▶ _Assignment_
Transcribe the listing in full, word for word; pictures do not belong in the copy.

▶ _Dataset section_
===

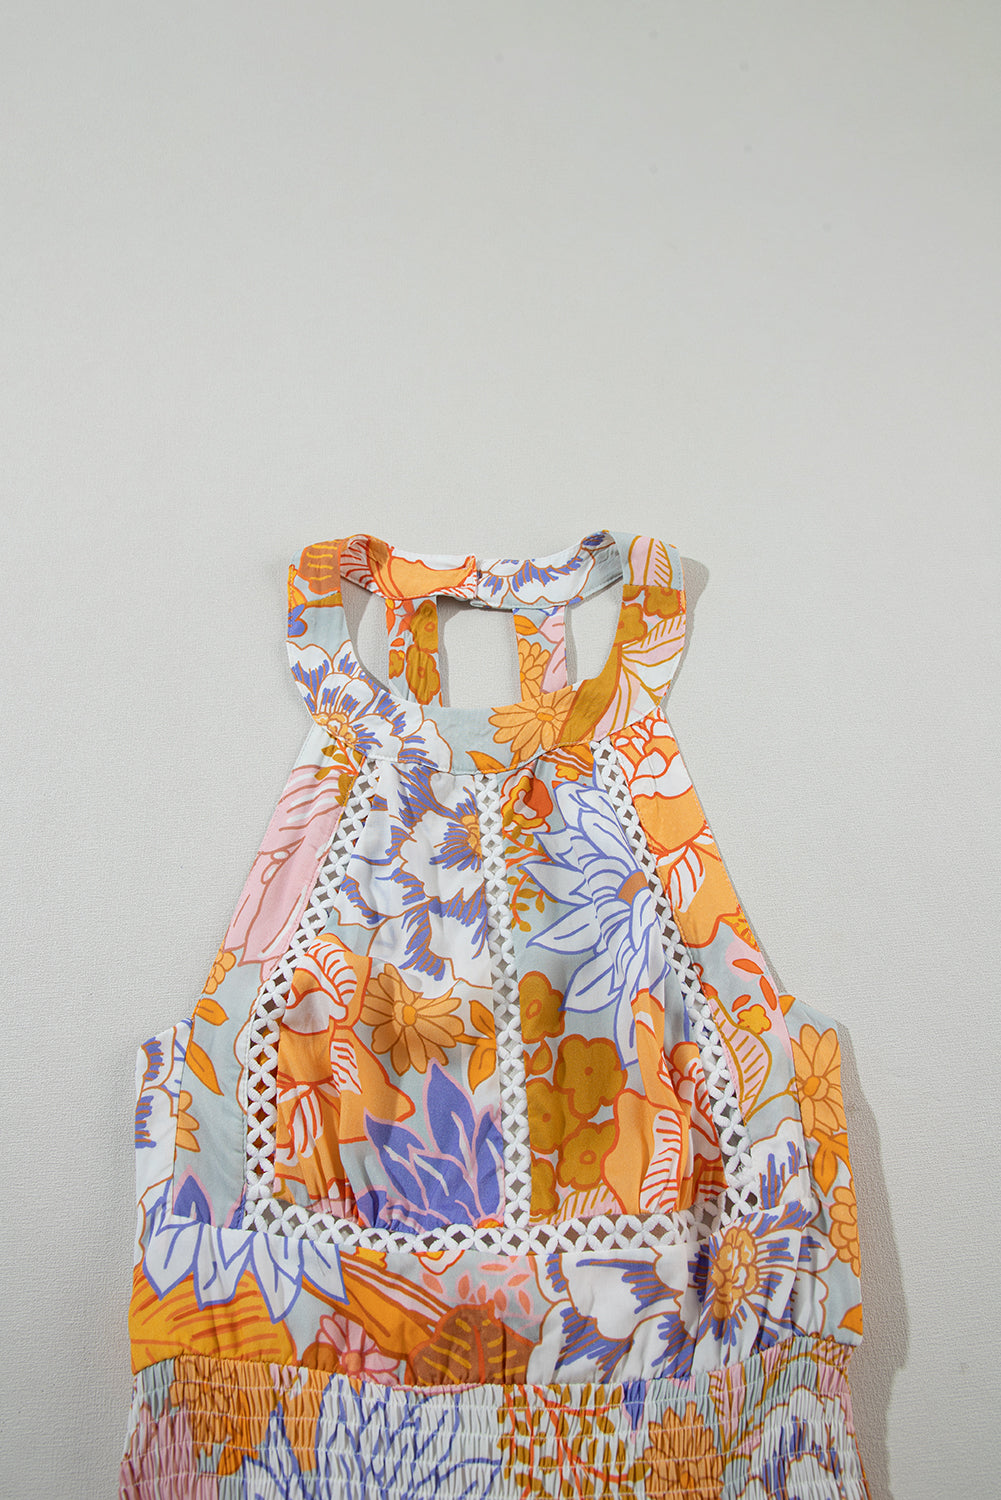 Orange Boho Floral Backless Lace up Sleeveless Maxi Dress
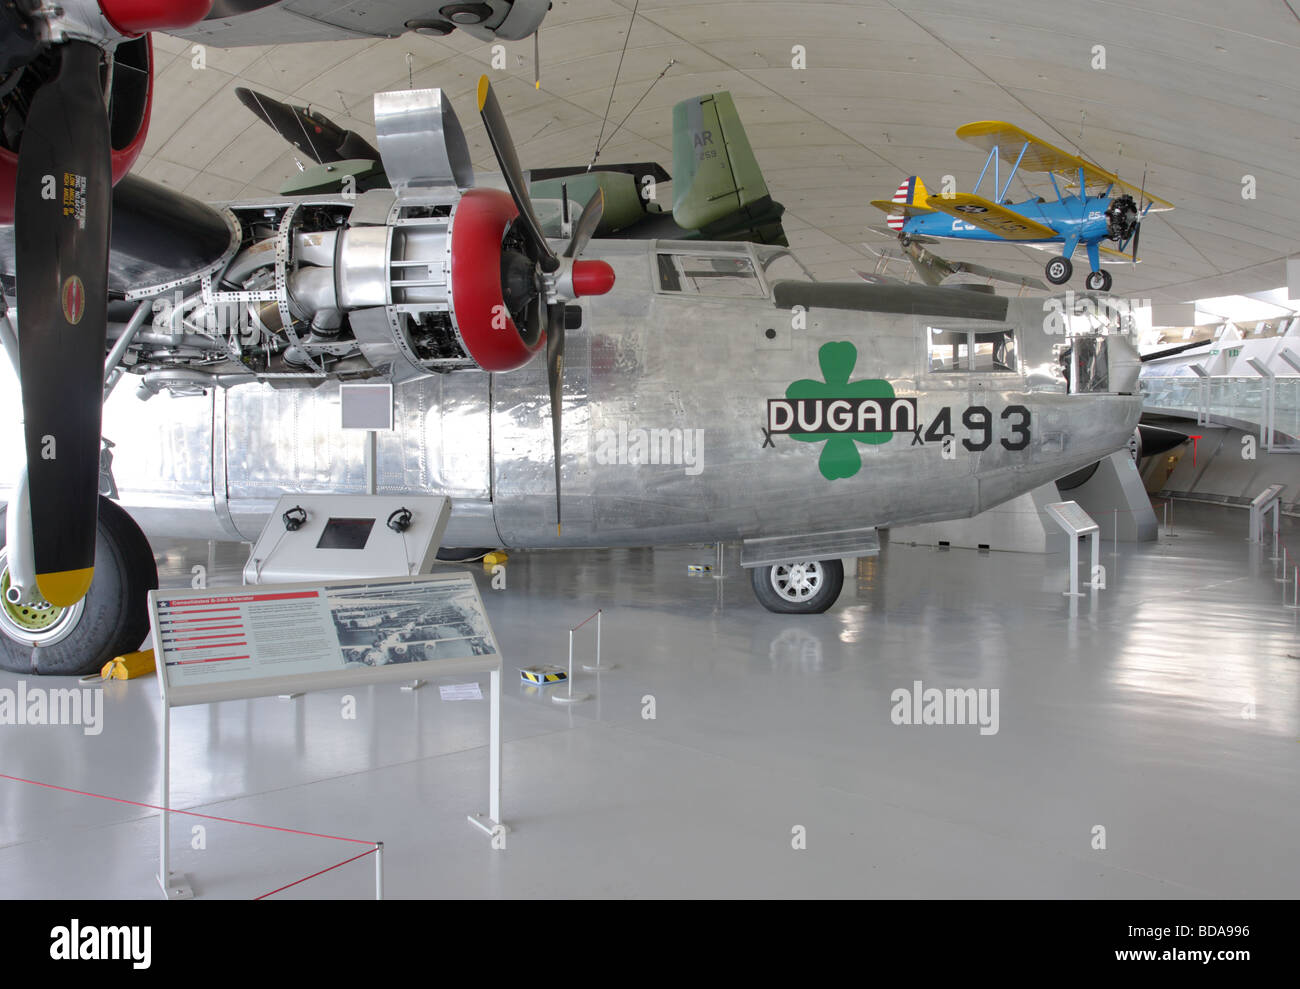 Visualizzate in La cavernosa american Air Museum Duxford, Inghilterra,sorge questo raffinato esempio del consolidato B-24 Liberator bomb Foto Stock
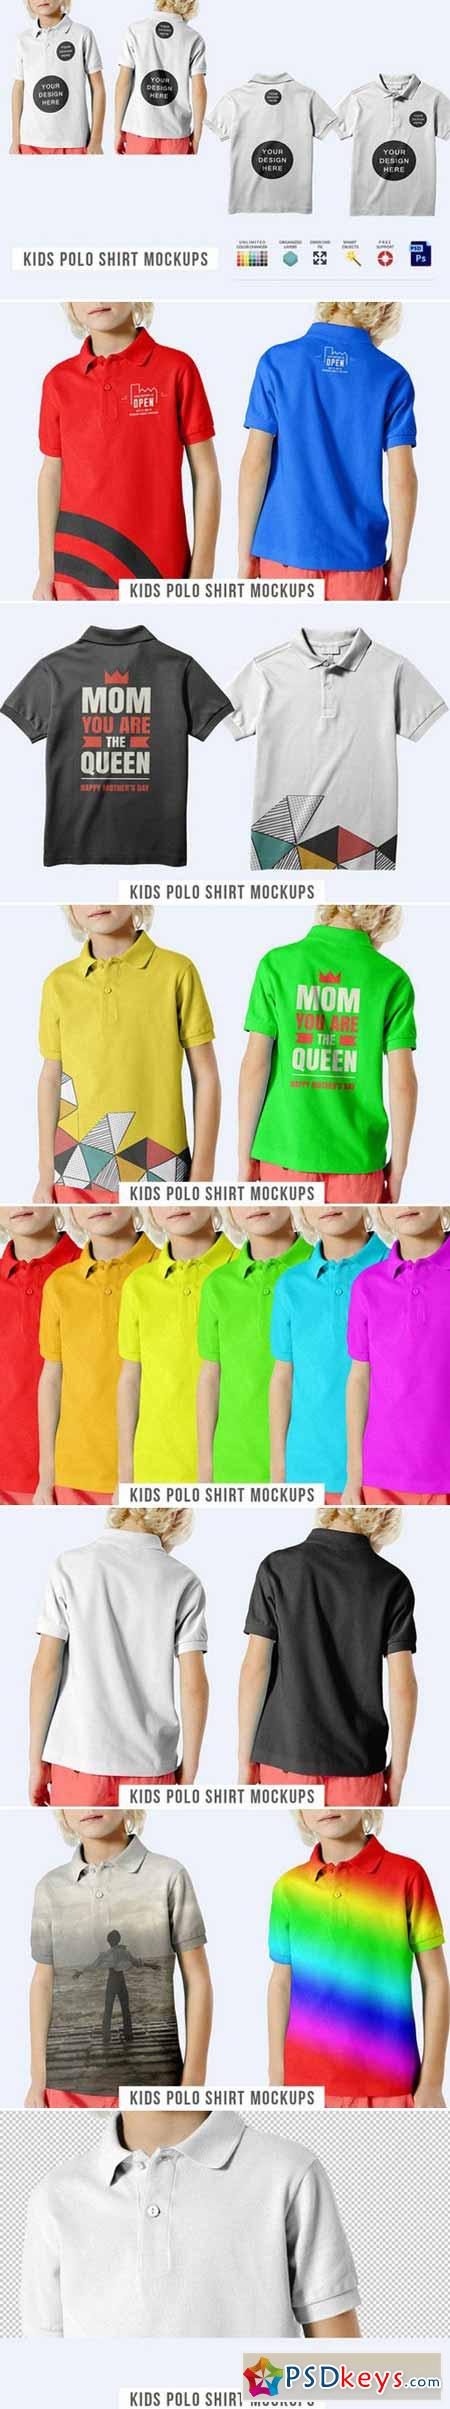 Kids Polo Shirt Mockups 460733
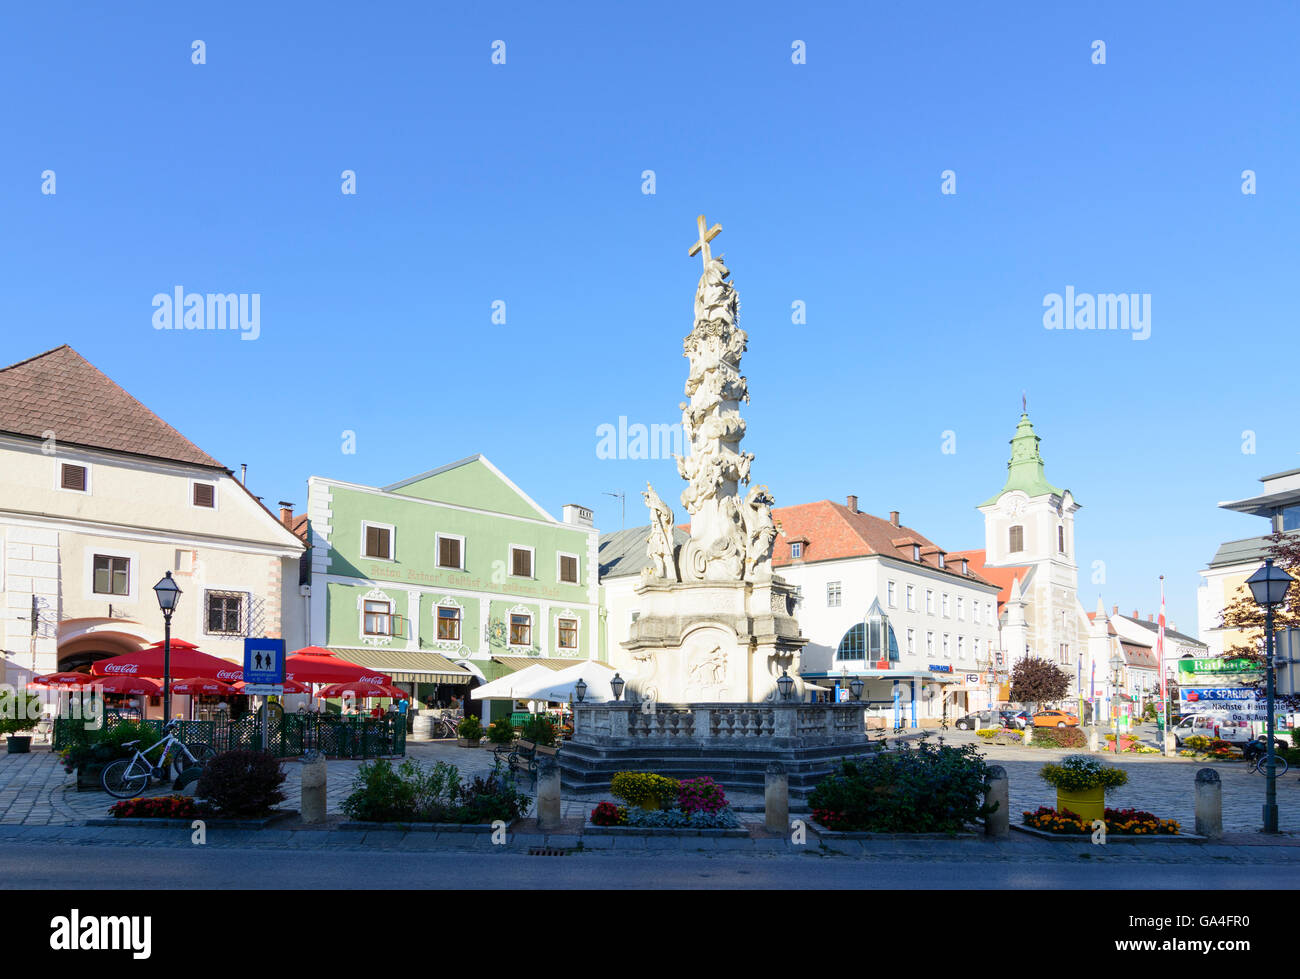 Zwettl Trinity Square avec la colonne de la Trinité , l'hôtel de ville droit Autriche Niederösterreich, Autriche Basse-autriche Banque D'Images

===

▶ _Written response_
 Orange Boho Floral Backless Lace up Sleeveless Maxi Dress
 Visualizzate in La cavernosa american Air Museum Duxford, Inghilterra,sorge questo raffinato esempio del consolidato B-24 Liberator bomb Foto Stock
 Kids Polo Shirt Mockups 460733
 Zwettl Trinity Square avec la colonne de la Trinité , l'hôtel de ville droit Autriche Niederösterreich, Autriche Basse-autriche Banque D'Images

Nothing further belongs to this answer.